A concern we hear often is that debtors feel that if they file bankruptcy, there will be negative implications on the economy. It’s great to be socially responsible and have concern regarding your decision to file. What most debtors don’t realize is that in most cases, the decision to file bankruptcy is actually beneficial for the economy.
The basis of our economic system stems from the ability to buy goods and services.
If your funds are tied up paying creditors and high interest rates, you are unable to buy additional goods and services to help stimulate the economy. By having debts discharged or significantly reduced, that frees up money to put back into the economy which is actually more favorable that paying a few creditors with high interest rates.
The inability to have debts forgiven does not increase a debtor’s likelihood to pay their debts; however the ability to discharge debts ultimately allows for more money to circulate and fuel the economy. Additionally most creditors realize that a percentage of the money they lend will not be repaid, and that is accounted for in their high interest rates.

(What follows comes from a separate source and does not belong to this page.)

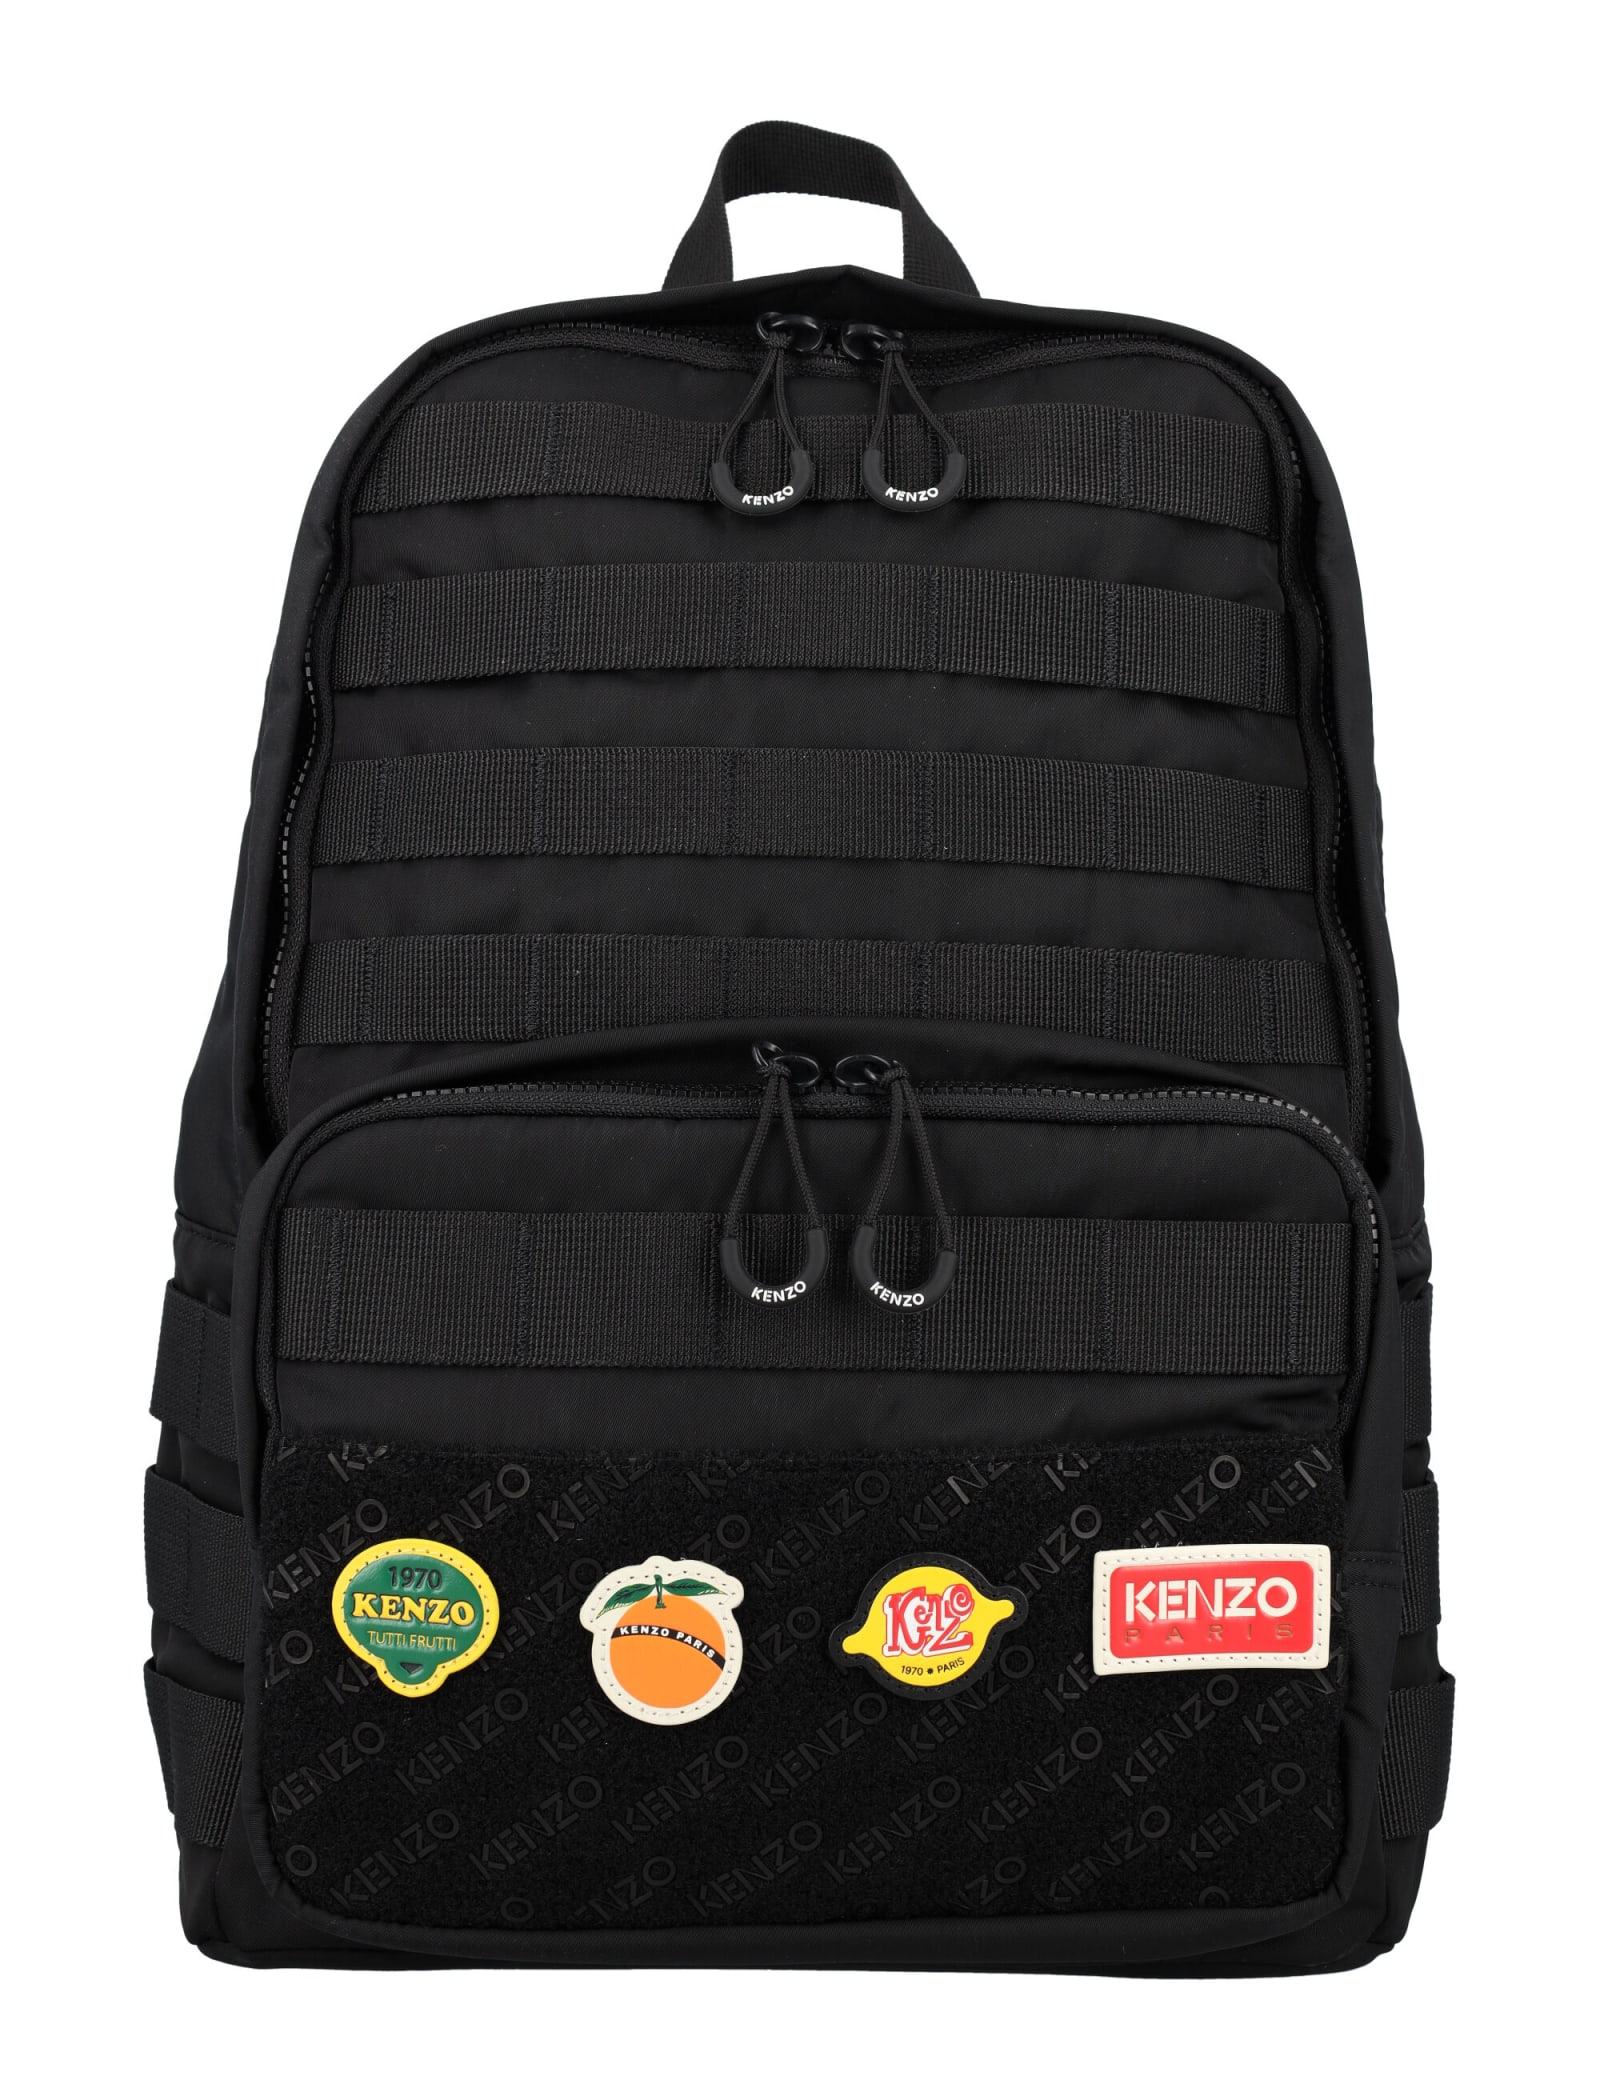 Kenzo Backpack In Black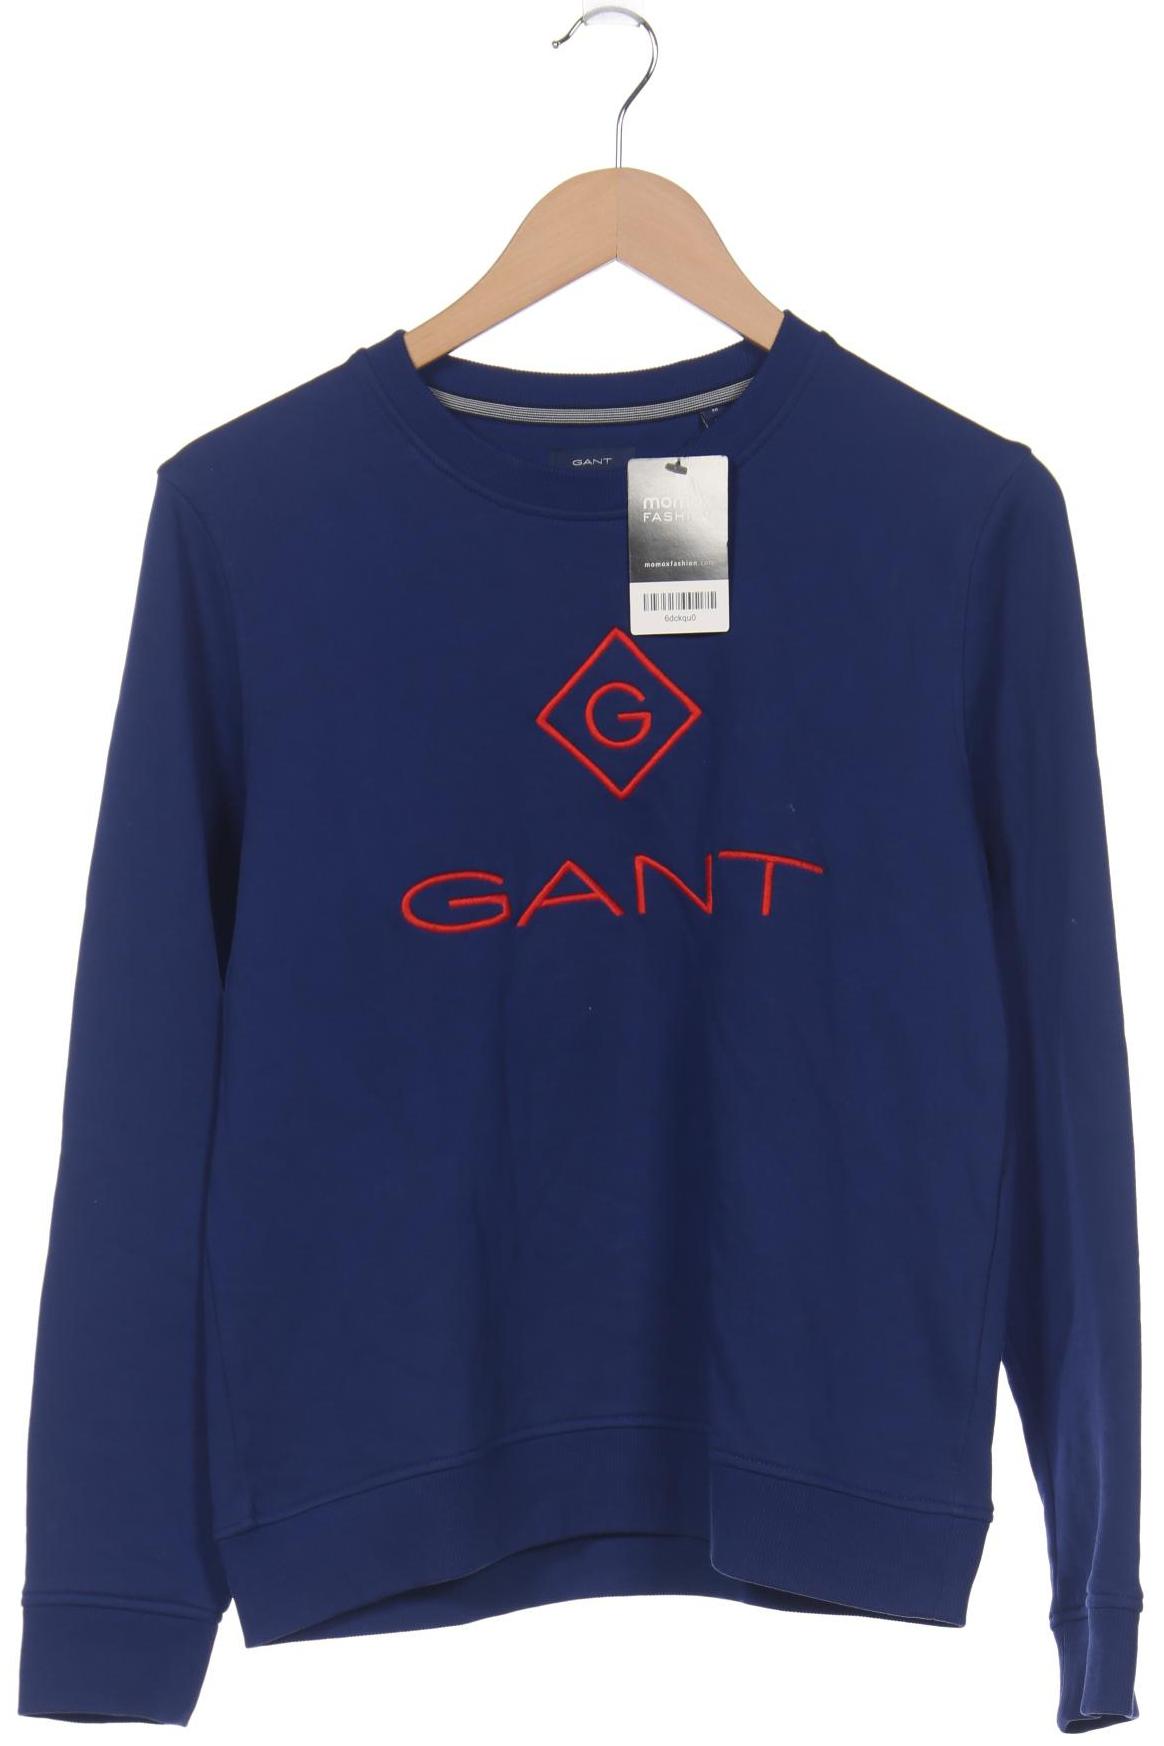 GANT Damen Sweatshirt, blau von Gant

Filing individual bankruptcy is only detrimental to the economy when it happens in mass, which typically stems from a recession and/or depression. While this has happened in recent history, our economy has seen an uptick in the last few years.
If your decision to file bankruptcy has been halted because you are concerned that it will have an overall negative impact on the economy, you can rest easy. Bottom line – if you are drowning in debt and want to help the economy, it may be most beneficial all around if you actually file for bankruptcy.